§ **DATASET EXCERPTS**
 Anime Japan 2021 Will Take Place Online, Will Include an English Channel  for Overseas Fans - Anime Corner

--

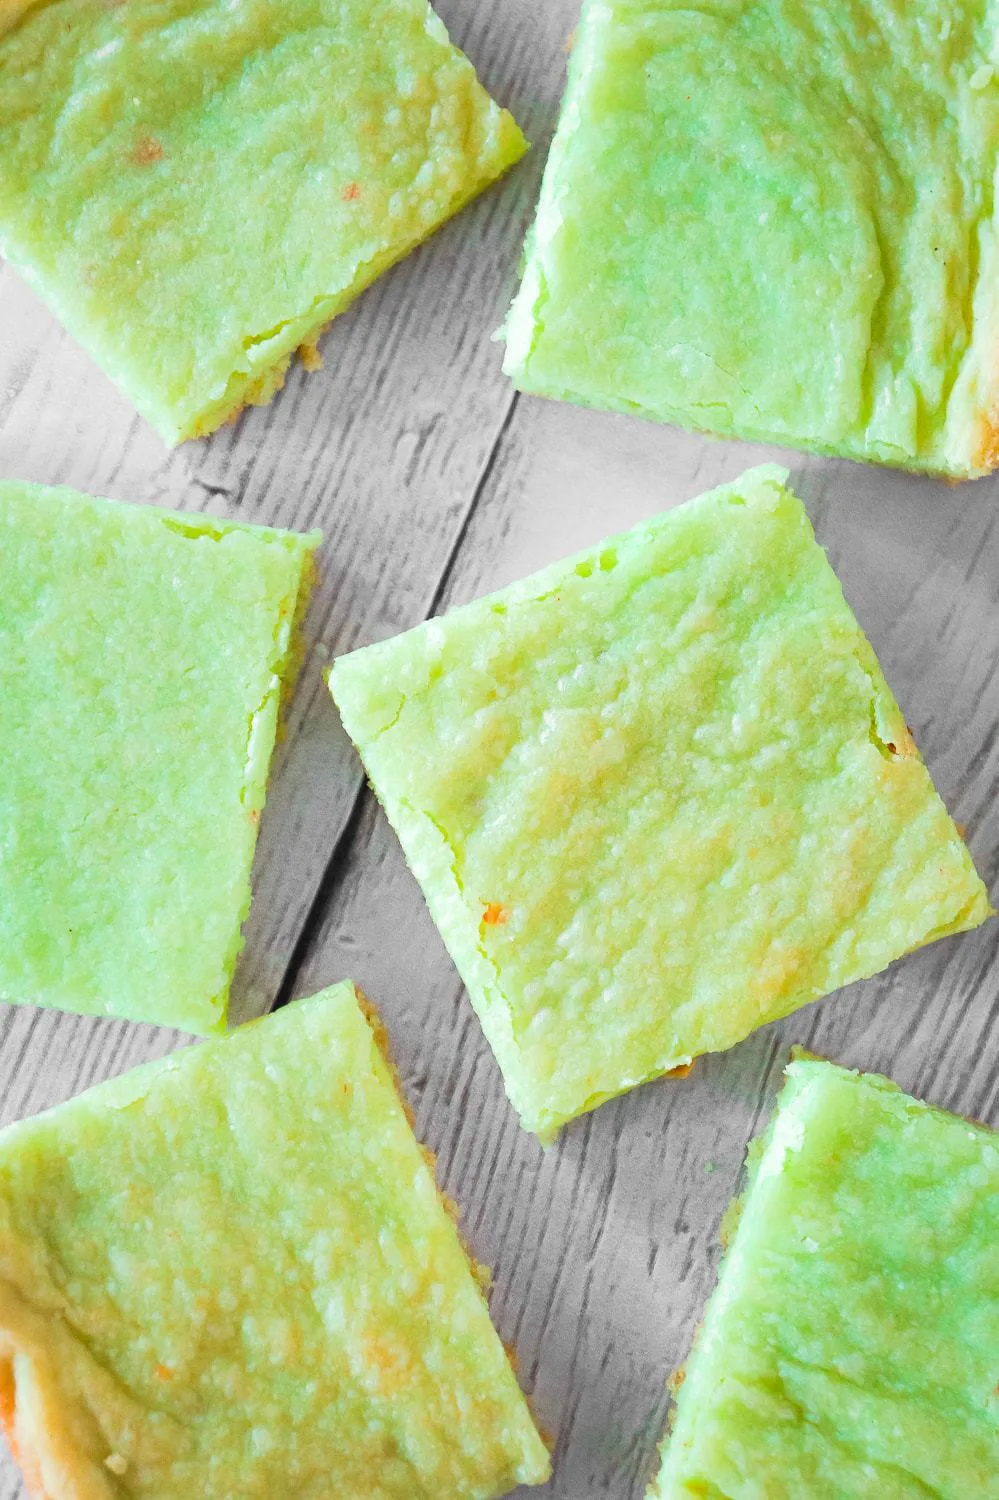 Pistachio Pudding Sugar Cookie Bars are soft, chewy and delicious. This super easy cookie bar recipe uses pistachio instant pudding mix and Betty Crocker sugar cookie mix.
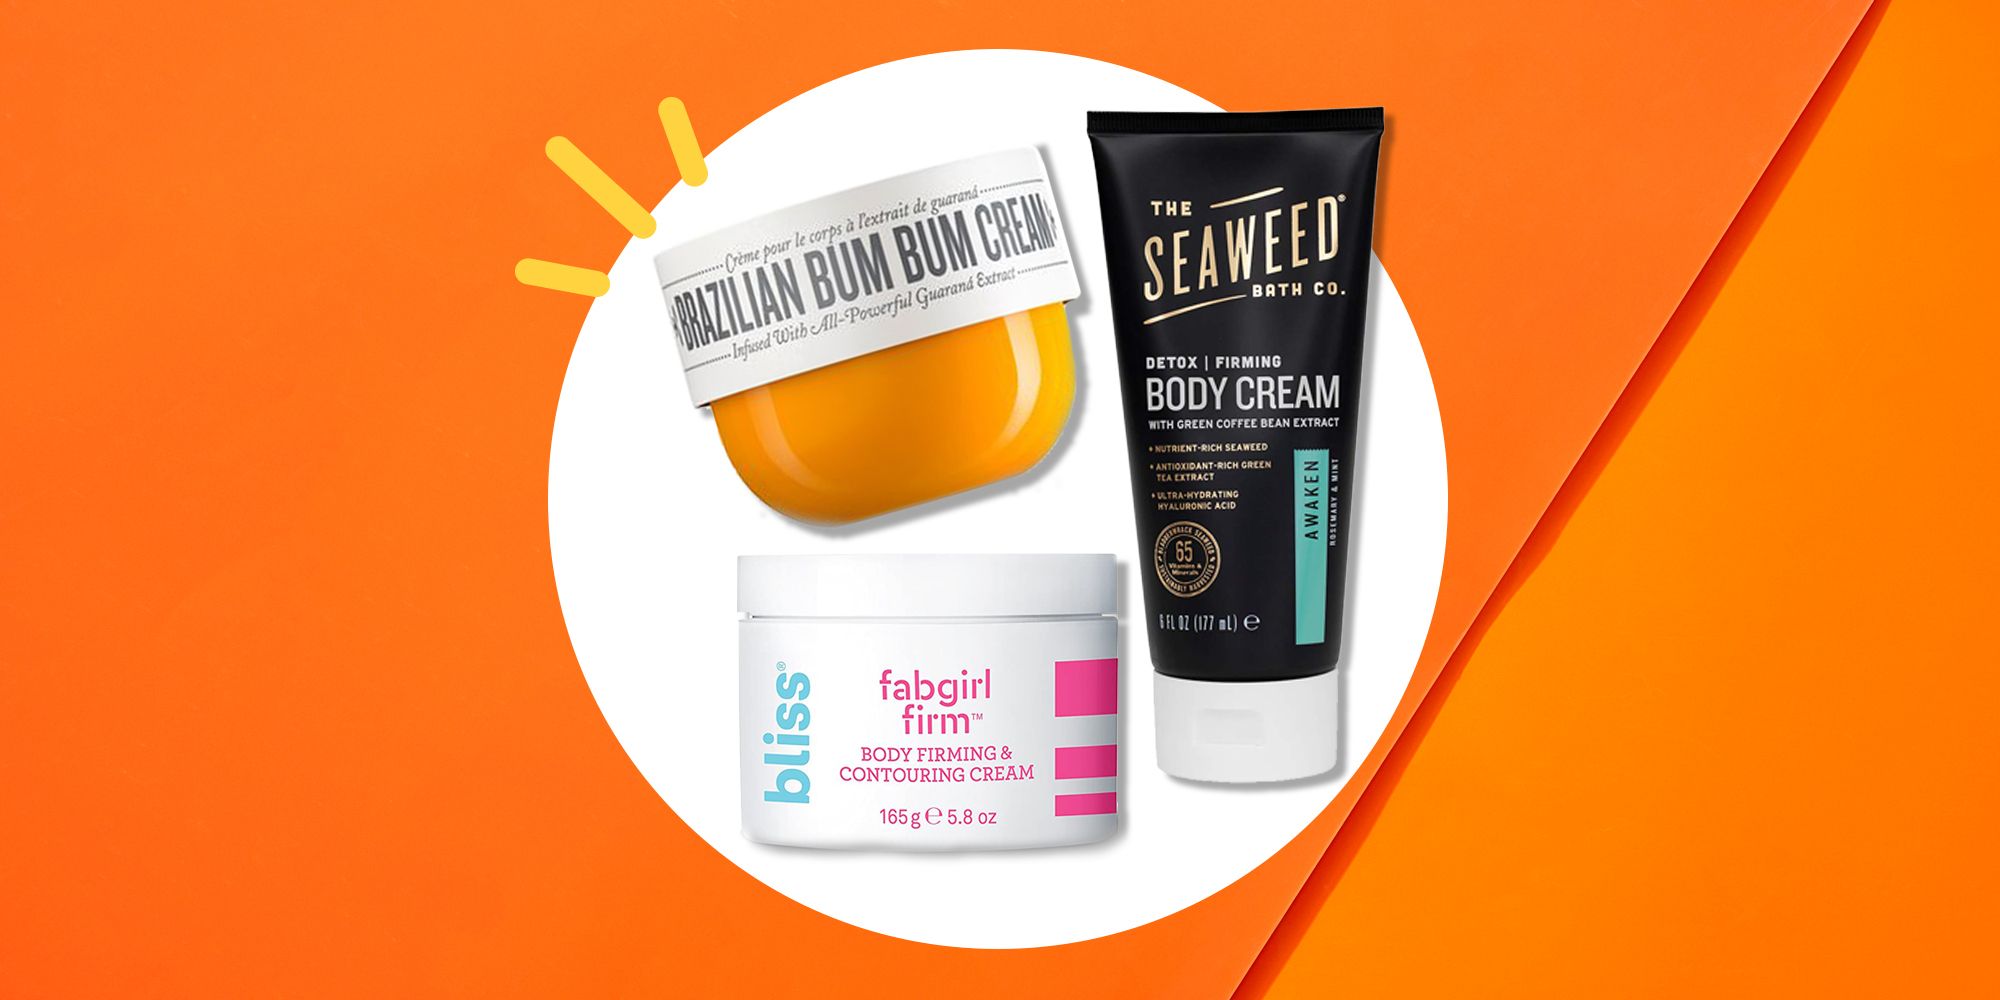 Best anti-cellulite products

§ **THE TASK**
Repeat the lines above exactly, beginning with the one containing "Pistachio Pudding Sugar" and finishing with the one containing "Best anti-cellulite products". No pictures belong in the copy.

§ **YOUR RESPONSE**
 Pistachio Pudding Sugar Cookie Bars are soft, chewy and delicious. This super easy cookie bar recipe uses pistachio instant pudding mix and Betty Crocker sugar cookie mix.
 Best anti-cellulite products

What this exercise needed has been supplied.